Язык современной социальной философии демонстрирует возрождение той эстетической проблематики, которая была в сердце философии до проекта А. Баумгартена. Согласно Х.-Г. Гадамеру, в центре внимания философии вплоть до И. Канта всегда был sensus communis (общий/здравый смысл). Ж. Рансьер в работе «На краю политического» [Рансьер 2006] отмечает, что здравый смысл и сегодня сохраняет свой статус основного принципа верификации права: «Существование субъекта права полагает, что юридическая фраза верифицируема в пространстве общего (здравого) смысла» [Там же, 81]. При этом эстетика политики Рансьера рассматривает субъект права как «поэтическое существо» [Рансьер 2006, 83], которое требует обеспечить условия воспроизводства его рафинированной чувствительности, «переописывая “фигуры авторитета”» [Там же, 167].

Философия второй половины XX в. вновь возвращается к поиску ощущения предела вещи. Ощущение присутствия вещи (res) превращается в указующий жест, который выносит зрителя из истории (res gestae) в вечность. В попытке «удержать настоящее» в вещи обостряется чувствительность в отношении бега времени, чуда явления нового, способов его создания и осознания присутствия в нём непрестанно сказываемого, но не высказываемого, le je-ne-sais-quoi.

 

Риторика le je-ne-sais-quoi

Французское понятие le je-ne-sais-quoi заимствуется из латыни. Ж.-Б. Боссюэ при переводе латинской фразы Тертуллиана “nescio quid” , обозначавшей то, «что ни в одном языке не имеет имени», перевёл с помощью фразы “ce je ne sais quoi” [Simon 1959, 105]. Французский иезуит Доминик Буур в «Беседах Ариста и Евгения» (1671 г.) подвергает понятие "je ne sais quoi" специальному анализу и выделяет следующие его характеристики: привлекательное, делает мир видимым и прекрасным, непостижимое, необъяснимое, неосязаемое, неуловимое, невыразимое. Он определяет "je ne sais quoi" как «склонность и инстинкт сердца», «очень изысканное чувство души в отношении объекта, который её трогает, чудесная симпатия, и подобно узам родства сердец» [Bouhours 1671, 239]. В XVIII в. это понятие становится обозначением палитры оттенков неизъяснимого и неприкосновенного, очаровывающего любой утончённый разум. Ш. де Монтескье, Д. Дидро, Вольтер всё чаще используют его в ситуации захождения в тупик самой проницательной мысли. Чтобы уберечь этот островок чувствительности от посягательств науки, И. Кант очерчивает контур «вещи в себе».

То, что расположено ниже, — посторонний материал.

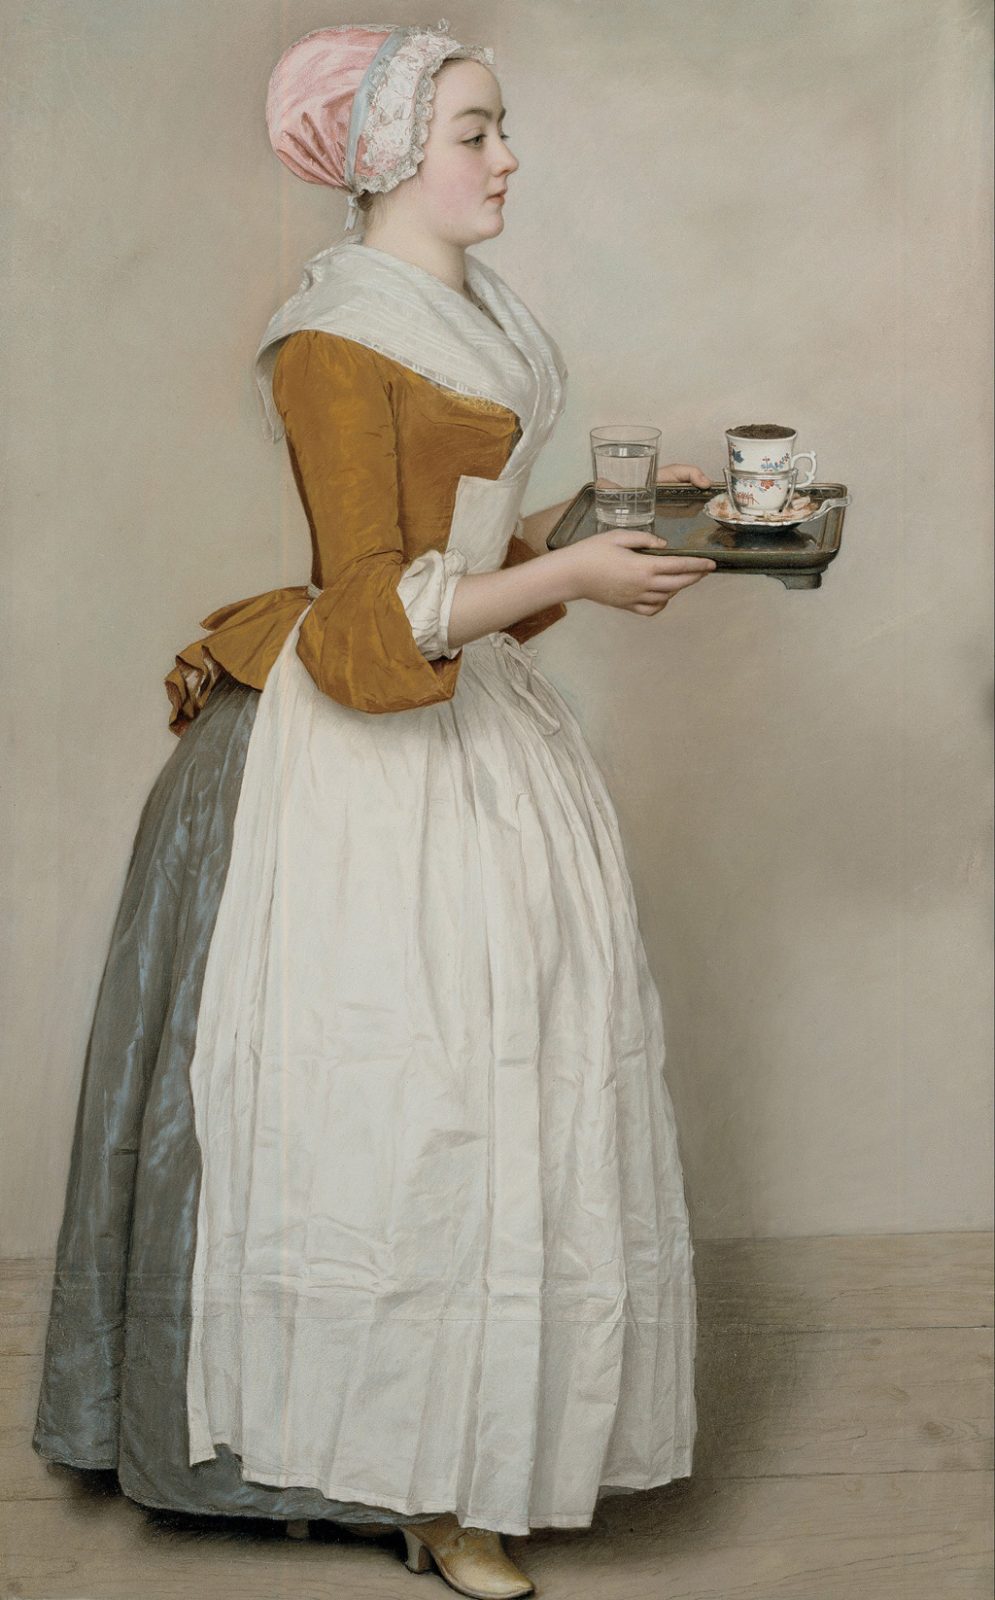 chocolate-serving hostess (Liotard's "Chocolate girl")

Направление движения научного познания можно условно обозначить не столько поиском истины, сколько загадкой неуловимого le je-ne-sais-quoi. Двадцатый век исследует преимущественно её аксессуары, изящные слова, в которые она облекается. В то время, когда медицина пытается сделать видимой невидимую болезнь [Urry 2000, 25], а наука визуализирует непостижимое, «…художественные практики сводятся к упражнению по созданию неразличимого» [Рансьер 2006, 158], в ответ эстетика пытается сконструировать особый язык для «регистрации» неописуемого le je-ne-sais-quoi.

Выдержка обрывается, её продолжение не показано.